* ACTIVITY: Going through the data below, copy out each line where the word "Image" shows up.

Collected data
---
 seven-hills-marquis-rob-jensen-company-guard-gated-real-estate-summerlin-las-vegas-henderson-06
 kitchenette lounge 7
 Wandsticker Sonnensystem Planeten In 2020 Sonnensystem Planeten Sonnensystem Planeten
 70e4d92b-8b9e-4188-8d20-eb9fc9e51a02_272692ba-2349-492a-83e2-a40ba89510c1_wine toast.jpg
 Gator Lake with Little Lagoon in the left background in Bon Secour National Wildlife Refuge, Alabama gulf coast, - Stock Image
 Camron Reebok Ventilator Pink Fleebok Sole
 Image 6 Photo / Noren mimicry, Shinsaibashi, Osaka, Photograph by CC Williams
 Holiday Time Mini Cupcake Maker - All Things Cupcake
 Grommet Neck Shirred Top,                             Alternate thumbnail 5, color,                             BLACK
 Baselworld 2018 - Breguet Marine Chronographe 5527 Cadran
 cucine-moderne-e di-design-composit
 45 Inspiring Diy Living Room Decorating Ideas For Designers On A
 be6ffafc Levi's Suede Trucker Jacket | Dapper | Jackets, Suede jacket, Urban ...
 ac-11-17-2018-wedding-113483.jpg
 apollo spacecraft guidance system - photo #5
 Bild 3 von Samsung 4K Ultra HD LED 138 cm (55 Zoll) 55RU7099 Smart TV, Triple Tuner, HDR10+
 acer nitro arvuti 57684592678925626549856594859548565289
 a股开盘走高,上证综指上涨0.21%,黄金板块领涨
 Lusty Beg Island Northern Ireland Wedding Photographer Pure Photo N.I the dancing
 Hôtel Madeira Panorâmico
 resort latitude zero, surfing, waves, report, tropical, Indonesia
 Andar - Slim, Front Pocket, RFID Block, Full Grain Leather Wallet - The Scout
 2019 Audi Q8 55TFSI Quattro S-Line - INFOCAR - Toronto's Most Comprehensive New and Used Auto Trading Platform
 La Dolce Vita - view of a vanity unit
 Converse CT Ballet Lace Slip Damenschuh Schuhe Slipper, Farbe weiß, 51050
---
* ANSWER TO THIS PROBLEM:
 Gator Lake with Little Lagoon in the left background in Bon Secour National Wildlife Refuge, Alabama gulf coast, - Stock Image
 Image 6 Photo / Noren mimicry, Shinsaibashi, Osaka, Photograph by CC Williams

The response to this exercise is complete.